Hotfix for log4j 1.2.7 security vulnerability (CVE-2019-17571)

[dongjinleekr]

Hello. Kafka is still using log4j 1.2.7, in turn with its security vulnerability. I have been working on this problem and recently started to provide a preview patch and custom distribution for Apache Kafka 2.7.0.

Some Kafka users consulted me that if they can use this preview with strimzi kafka operator. It seems like it is using some docker image, but I can't guess how to provide a custom docker image for it. Could anyone guide me?

As a note, here is a examplar custom docker image of it (dongjinleekr/kafka:2.13-2.7.0-log4j2-0) compatible with wurstmeister/kafka-docker. I hope there is any way to provide similar one.

[scholzj]

Strimzi does not work with any Kafka container image. It has its own images which are not the same as lets say Confluent platform or Wurstmeister. The general way how to use a custom Kafka build would be to change the URL and checksum in this file to point to your distribution and build the whole Strimzi project.

That said, I'm not sure how well it would or would not work.
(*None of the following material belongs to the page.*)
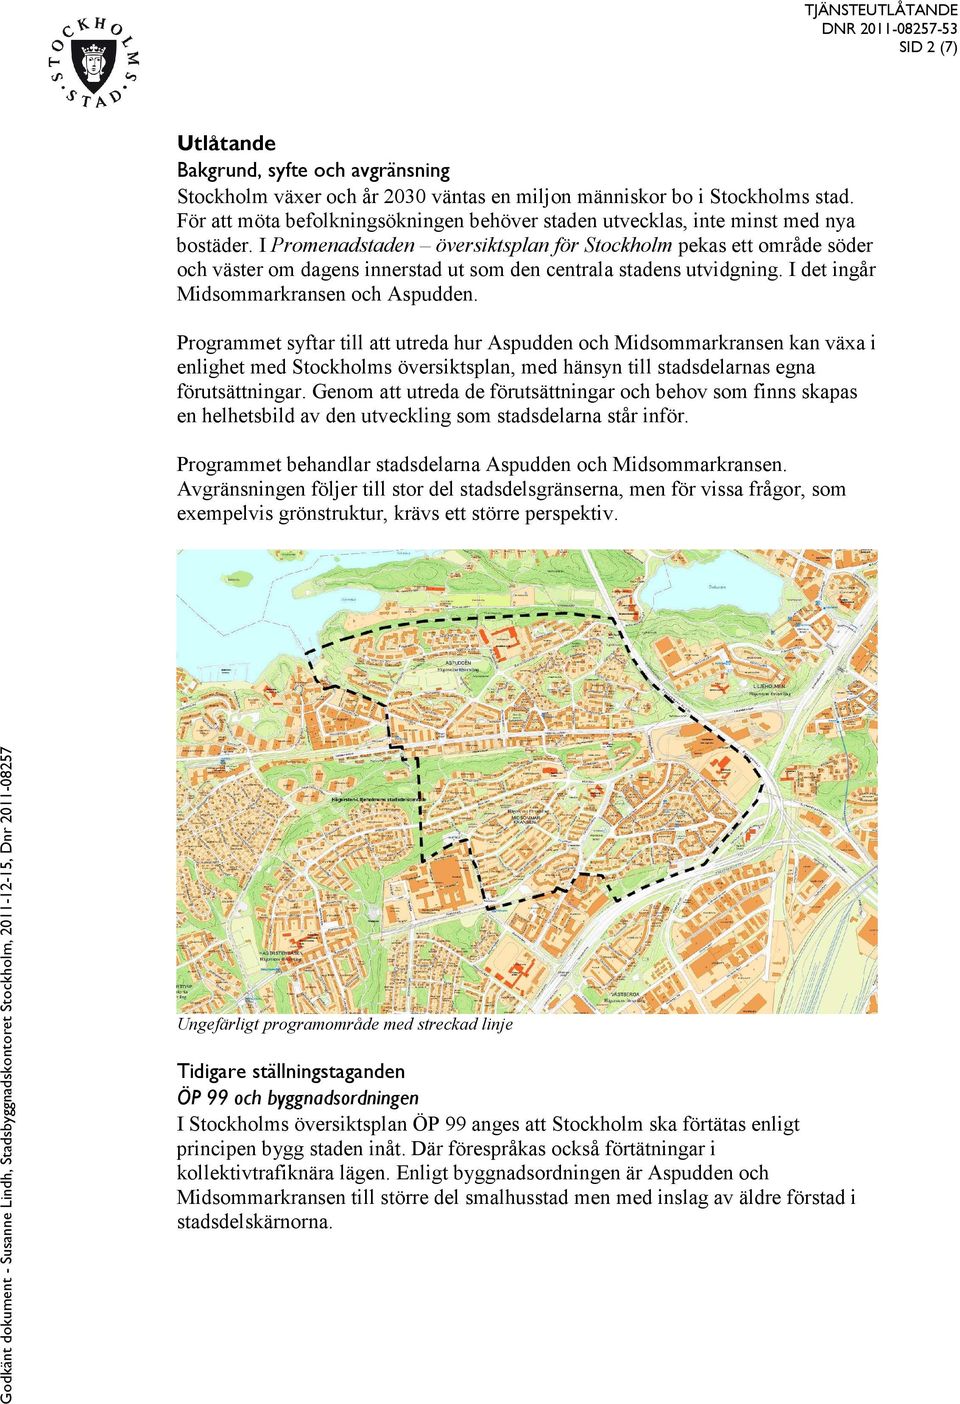 I Promenadstaden översiktsplan för Stockholm pekas ett område söder och väster om dagens innerstad ut som den centrala stadens utvidgning. I det ingår Midsommarkransen och Aspudden.

The operator has built in logic around logging configuration which expects Log4j 1 right now and I have no idea how well it would or would not work if your version has now Log4j2. Maybe @sknot-rh would know? He did most of the work around logging.

PS: We are definitely following the progress around Log4j 2 ... thanks for working on it.

[scholzj]

Actually probably easier way to do the custom image would be to just use the Strimzi image as base image and overwrite the Kafka dirs (probably just the bin, config and libs directories).

[sknot-rh]

Yeah, I think some changes on the Strizmi side would be needed. The question is whether the API for changing logging levels in the Kafka stays the same. If so, we just need to adjust the format of loggers to be parsed in Strimzi.

[dongjinleekr]

Since this preview is backward-compatible, it perfectly works with log4j configuration unless it uses a feature removed in log4j2. log4j2 mode is activated only if the user specifies KAFKA_LOG4J_OPTS environment variable to "-Dlog4j.configurationFile=file:{kafka.home}/bin/../config/log4j2.properties"

Of course, there may be unexpected consequences, and this preview aims to prepare the update and detect implicit bugs beforehand.

It seems like activating this preview build is available by only changing the download URL and md5 checksum. Although I am preparing the 2.6.0 patch and preview guide now, here is the download link and md5 checksum for who needs this feature right now. Thanks for the answer, and praise the Strimzi team! 😄

• Preview build: 2.7.0+log4j2
• md5 checksum: f9ee67109f2da3fc08478da64a0970a0b7324497

[scholzj]

With which version you want to use it? I assume with latest stable release (0.21.1) - I can build it and share it somewhere in some Docker registry if needed.

[dongjinleekr]

Sorry for the late reply. I also expect that the latest stable release (0.21.1) would be good. If you build a preview docker image, it would be a great help. (I created a guide to the preview - I will update the strimzi-kafka-operator section as soon as the preview image is released.)

Add to this, I succesfully generated a custom build of 2.6.1. It would be help! 😄

• Preview build: 2.6.1+log4j2
• sha1 checksum: 148a8f116a5e1115650075218e4cdc4ca2d6a3d1

[scholzj]

Ok, I build container image quay.io/scholzj/kafka:log4j2-kafka-2.7.0 => it is to be used with Strimzi 0.21.1 and has your patched 2.7.0 release. I did not run any tests with it or anything, but it is available.

After we release 0.22 I will try to do the same for it with both 2.7 and 2.6.1 and do some more testing.

[dongjinleekr]

Great! I will try your operator and update the guide. Thank you again!! 🙇🙇🙇

[dongjinleekr]

Here is the guide: https://home.apache.org/~dongjin/post/apache-kafka-log4j2-support/

[dongjinleekr]

Long time no see.

Previews & custom patches for [2.6.1, 2.8.0] have been released. (3.0.0 based preview will be released as soon as the official 3.0.0 is released.) Please refer here to download them.